Ce cours vise globalement à comprendre en quoi l'être humain est un être spécifique, qui appartient à la fois à
l'ordre de la « nature » et à l'ordre de la « culture ». La question est déjà de savoir ce qu'est la « nature » (de l'homme),
et ce qu'est la culture, pour ensuite voir en quoi la nature de l'être humain, à la différence de celle d'un autre être, est liée
à la culture. On pourra même aller jusqu'à dire que la nature de l'humain est d'être un être de culture – c'est-à-dire en fait
se demander si l'être humain a vraiment une nature.

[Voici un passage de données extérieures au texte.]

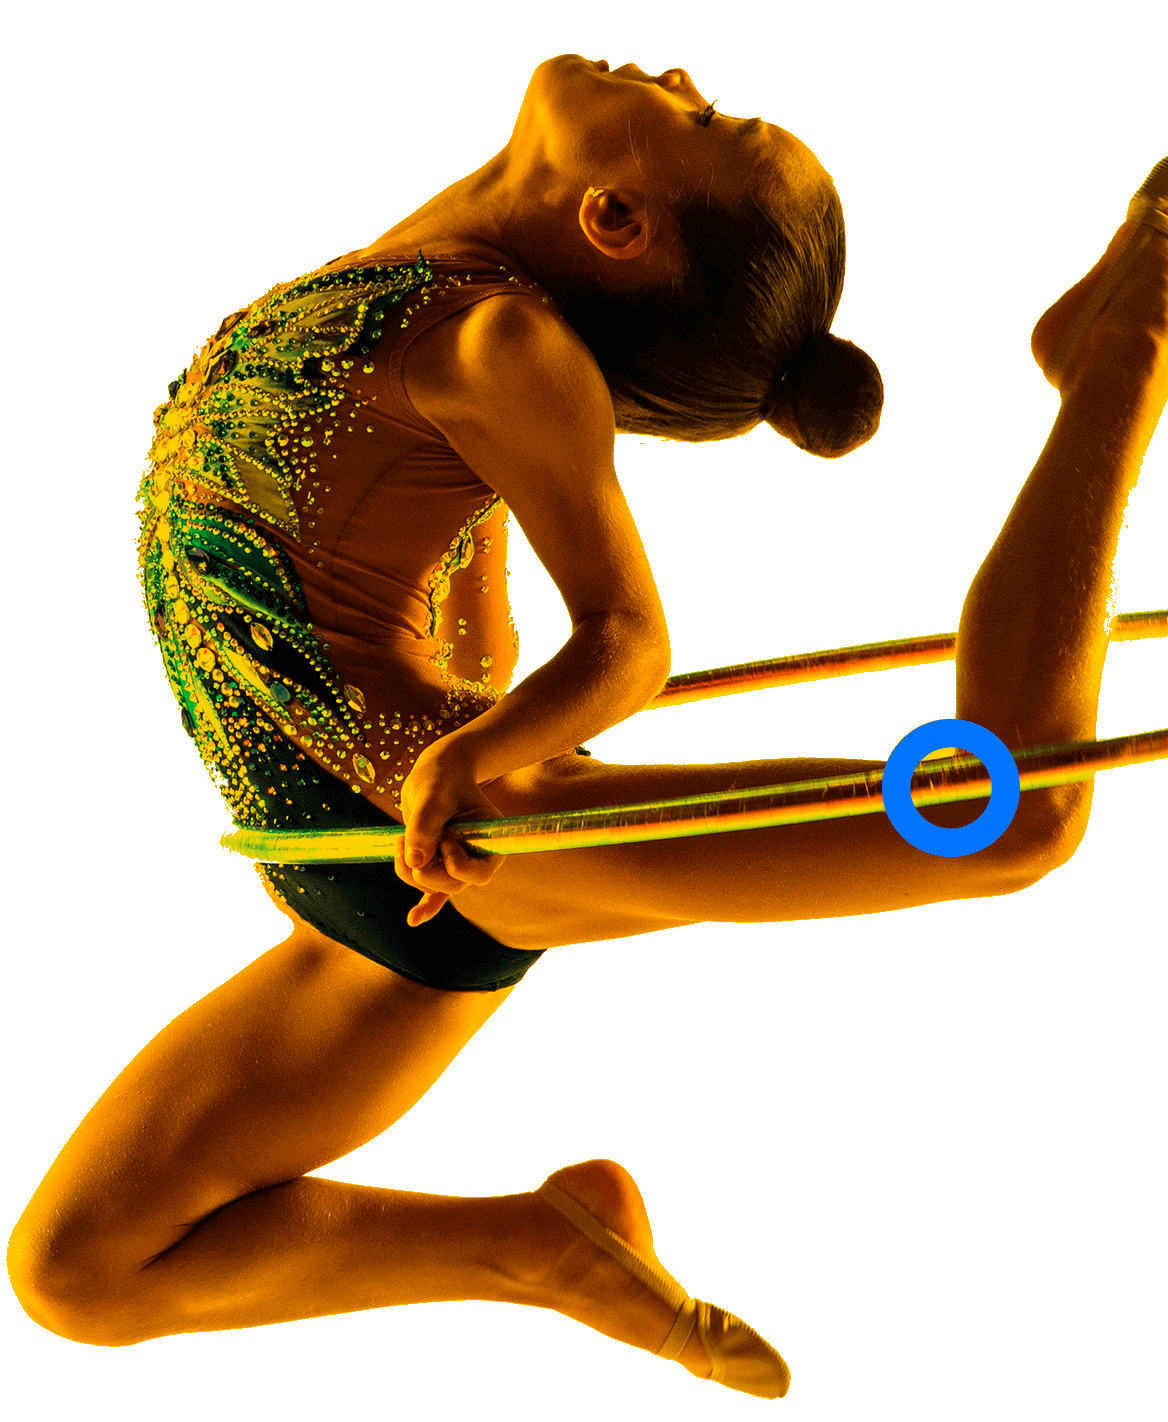 In the picture, a female gymnast executes a ring routine. She is bending her legs and looking up.

Vous allez voir que cela conduit à de multiples questionnements sur ce qui fait l'identité de l'être humain, son
éventuelle spécificité (par rapport aux autres êtres vivants, par rapport aux animaux), son statut dans le monde des
vivants (ce qui n'est pas sans conséquence dans le monde social : c'est notamment ce qui le dote de « droits » (statut
juridique) à la différence des animaux, et peut-être de « devoirs » (statut moral)).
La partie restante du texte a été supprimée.